— Ты забыл о светящихся камнях у монолита? Не хотелось бы, чтобы они все достались Кэтеру. После того, как наша детская тайна была открыта, многие положили в ту кучу свои камни.
— Кладбищенский сторож Сабил до сих пор обижен на тебя за интересную идею с камнями, — усмехнулся майр. — Мне пришлось лично притащить ему пять сотен камней, выпрошенных у вождей и компенсировать ему те ограбления, что совершили твои сторонники. Не беспокойся, мой король. На месте ваших детских игр, которые переросли в обряд посвящения королю Ара-Лима, больше ничего нет. Камни надежно спрятаны в подземных пещерах. Кстати, весьма дальновидное решение, мой король. На эти светящиеся камни можно нанять хорошую армию.
— Я никогда не думал об этом. И никогда не стану за деньги покупать верность. Ты же сам учил меня этому. Верность не купить ни за какие камни.
— Ваш отец так говорил, — почтительно склонился майр.

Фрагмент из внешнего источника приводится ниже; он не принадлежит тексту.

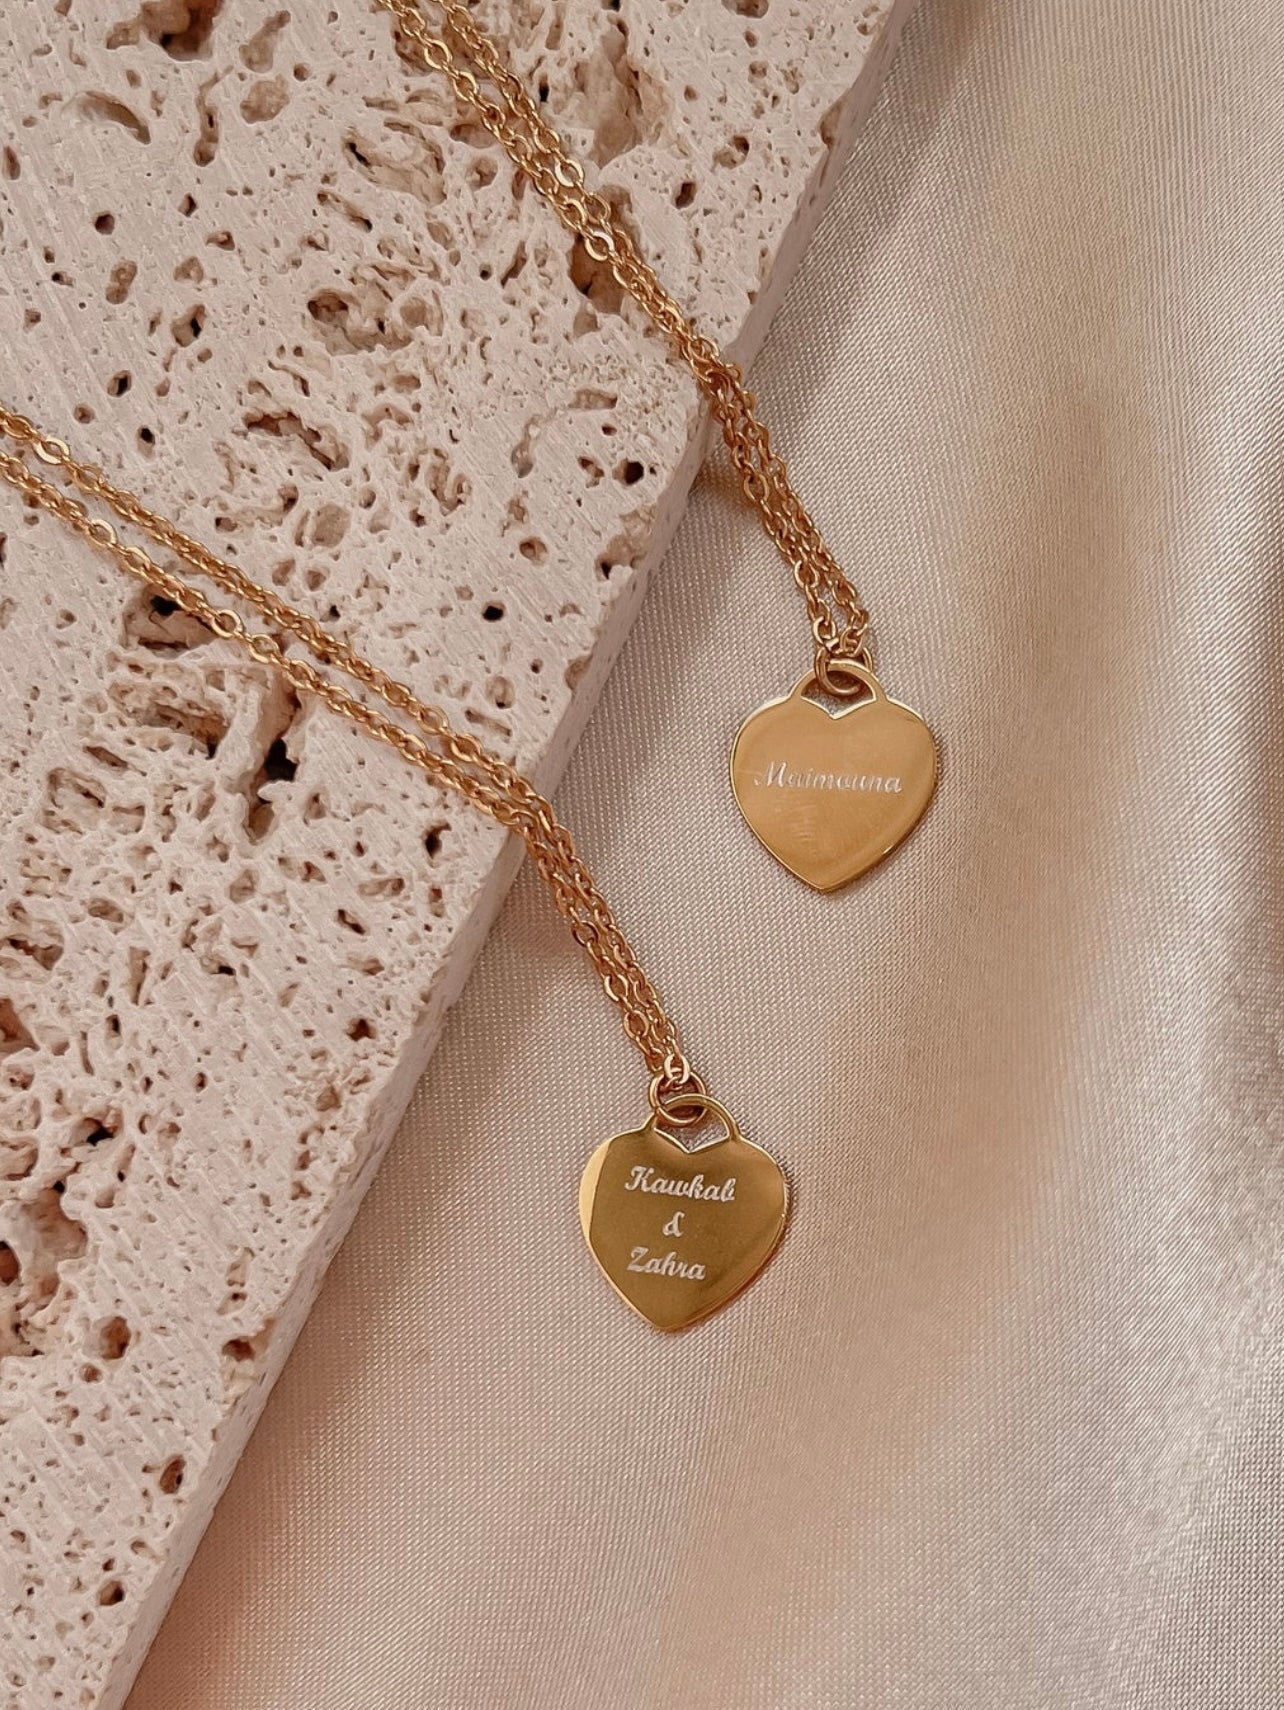 Buy Personalised Gift, Engraved Heart Necklace, Any Text, Name Date Necklace,  Gift for Her, Birthday, Anniversary Online in India - Etsy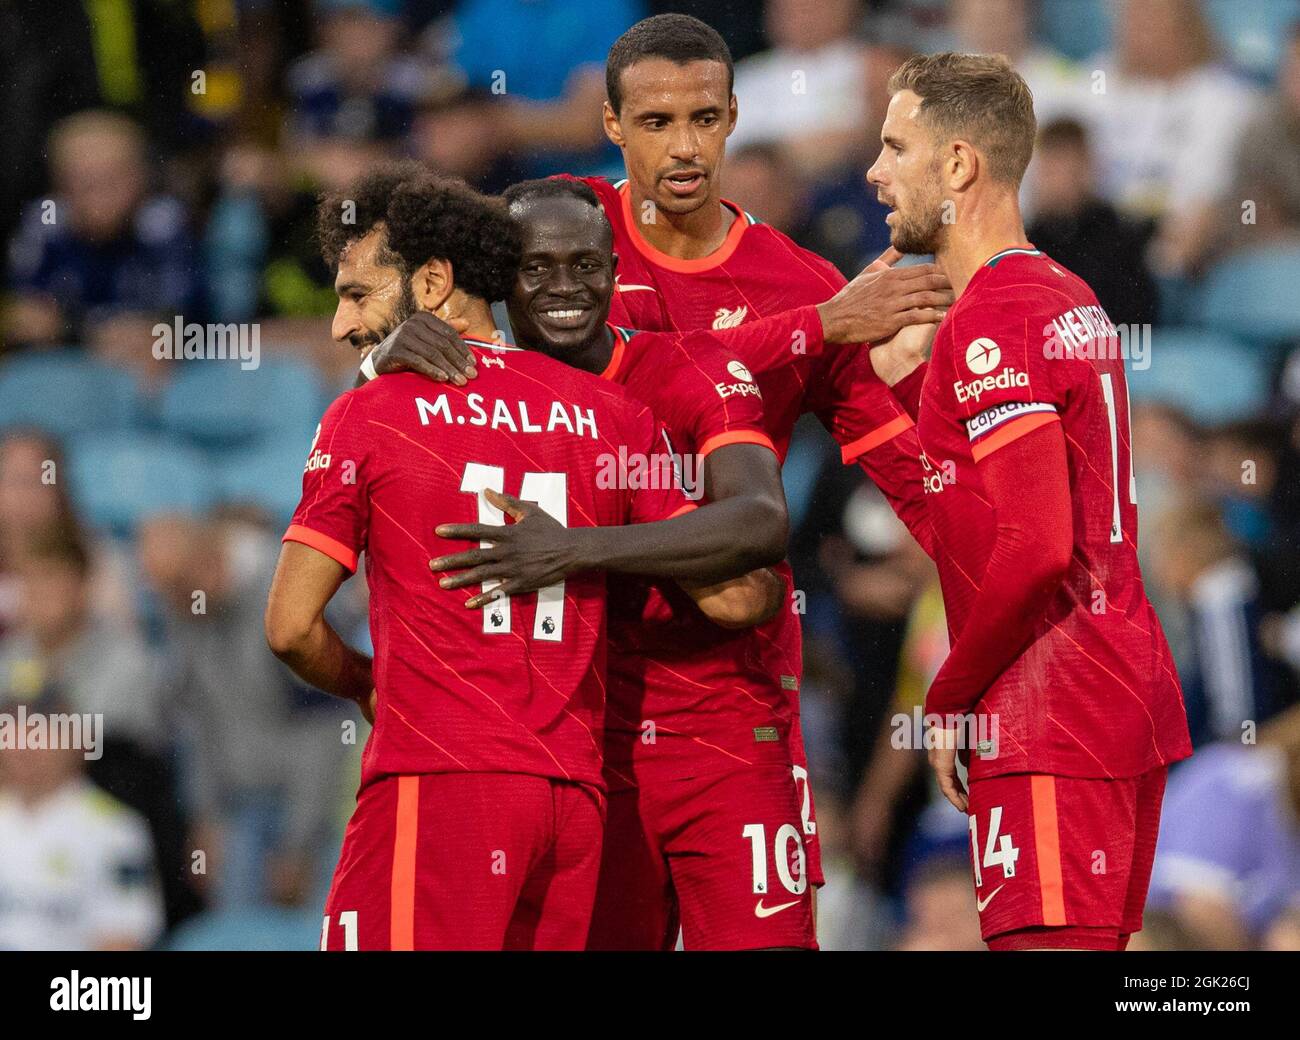 Leeds. 13th Sep, 2021. Liverpool's Sadio Mane (2nd L) celebrates with teammates Mohamed Salah (1st L), Joel Matip (2nd R) and Jordan Henderson after scoring during the Premier League football match between Leeds United and Liverpool in Leeds, Britain, on Sept. 12, 2021. Credit: Xinhua/Alamy Live News Stock Photo

Наследник отвернулся к долине. Тяжелое облако все еще никак не могло покинуть Зеленое Сердце, пряча от людей весеннее тепло разбушевавшегося солнца. Белая птица скользила над замком, пристально вглядываясь в последних людей, покидающих свои дома.
— Ты думаешь, мы сможем вернуться в Ара-Лим? — услышал Элибр вопрос наследника.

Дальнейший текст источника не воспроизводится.